Production of battery cells as lever for reducing CO2
As e-mobility gains more and more traction, the focus of CO2 reduction shifts to upstream added value – and, especially, the energy-intensive production of high-voltage batteries, because up to 40% of a fully-electric vehicle’s emissions come from battery cell production alone. This is a major and very effective lever for reducing CO2 – so that is precisely where the BMW Group is focusing its efforts. As a leader in sustainability, the company has therefore reached a contractual agreement with CATL, Samsung SDI and Northvolt that they will only use green power to produce fifth-generation battery cells for the BMW Group. “As volumes increase, the use of green power will save around ten million tonnes of CO2 over the next decade. For comparison, that is roughly the amount of CO2 a city of over a million inhabitants, like Munich, emits per year,” according to Zipse.

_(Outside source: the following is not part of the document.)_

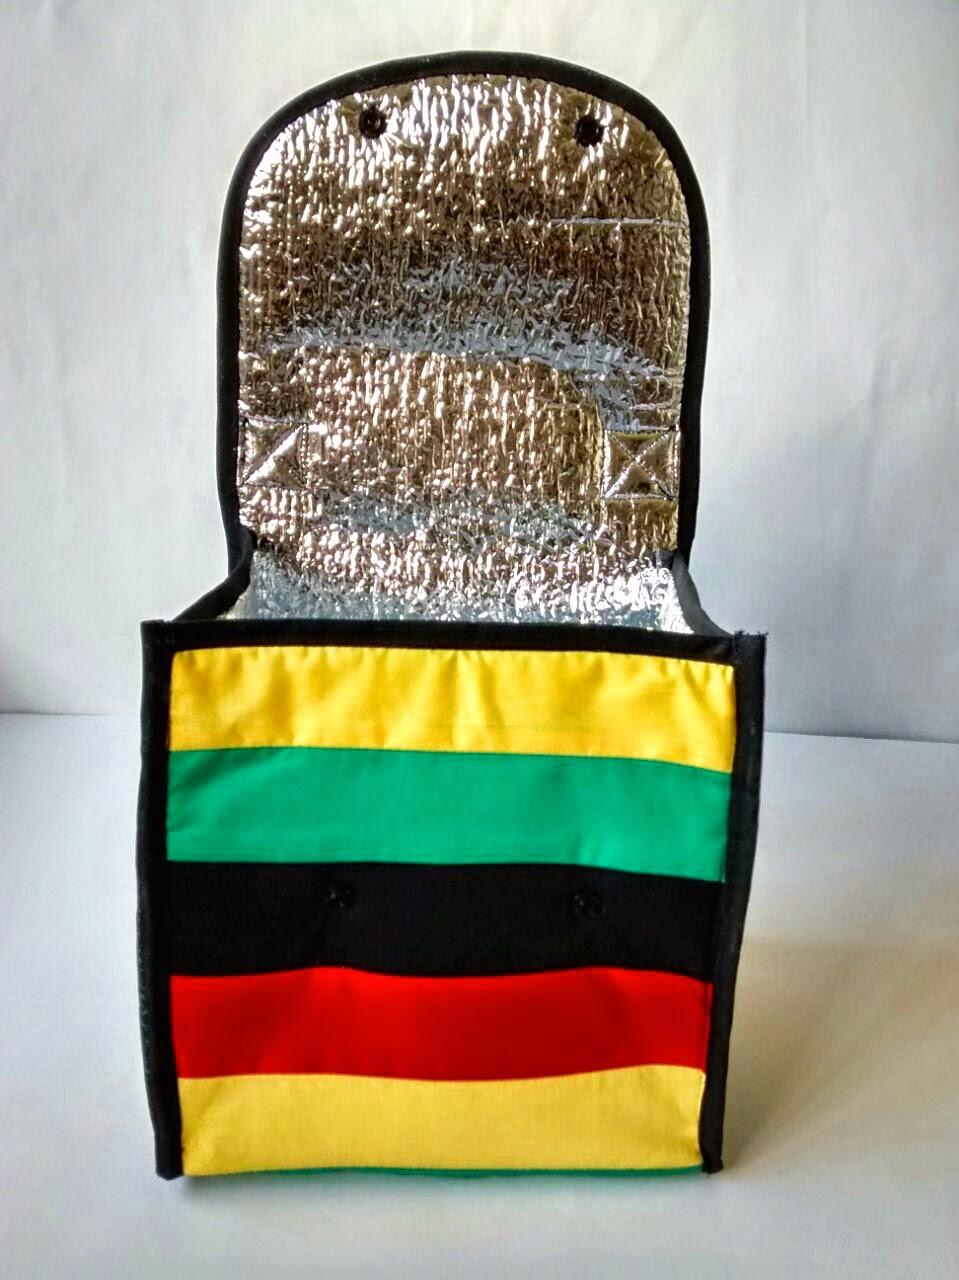 Lancheira Térmica de tecido | Ateliê Madrica

Northvolt potential recognized early
The BMW Group recognized Northvolt's potential and expertise early: In mid-2018, the BMW Group entered a cooperation to develop battery cells with the company formed in 2016. This was underpinned by the BMW Group's financial participation in the firm. Both sides benefit from the partnership: The BMW Group contributes the battery expertise it has acquired over more than 15 years, while Northvolt has enabled itself for mass production with its gigafactory in northern Sweden.
In-house expertise throughout entire battery cell value chain
The BMW Group operates its Battery Cell Competence Centre in Munich. The aim of the competence centre is to advance battery cell technology and introduce it into production processes. The production of battery cell prototypes makes it possible to analyse and fully understand cell value creation processes. The BMW Group produces batteries in-house at its plants in Dingolfing (Germany), Spartanburg (USA) and at the BBA plant in Shenyang (China). The BMW Group has also localised battery production in Thailand, where it is working with the Dräxlmaier Group.
25 electrified models by 2023
The BMW Group will have 25 electrified models in its line-up by 2023. The basis for this is provided by flexible vehicle architectures for fully-electric vehicles, plug-in hybrids and models with combustion engines that allow the company to respond quickly to changing conditions. More than half of the 25 models will be fully electric. The BMW Group will double its sales of electrified vehicles between 2019 and 2021, and the company expects to see a steep growth curve up to 2025: Global sales of our electrified vehicles should increase by an average of over 30% every year. In Europe, the company is also pursuing an ambitious growth logic: By 2021, electrified vehicles should make up a quarter of our new vehicle fleet, a third in 2025 and half of our sales in 2030.
As an e-mobility pioneer, the BMW Group is already a leading provider of electrified vehicles. By the end of 2019, the company already had more than half a million fully-electric and plug-in hybrid vehicles on the roads. By the end of 2021, the BMW Group will offer five fully-electric production vehicles. In addition to the BMW i3, production of the fully-electric MINI also got underway at Plant Oxford in 2019. This will be followed later in 2020 by the fully-electric BMW iX3, produced in Shenyang, China and, then, in 2021, by the BMW iNEXT, built in Dingolfing, and the BMW i4 from Plant Munich.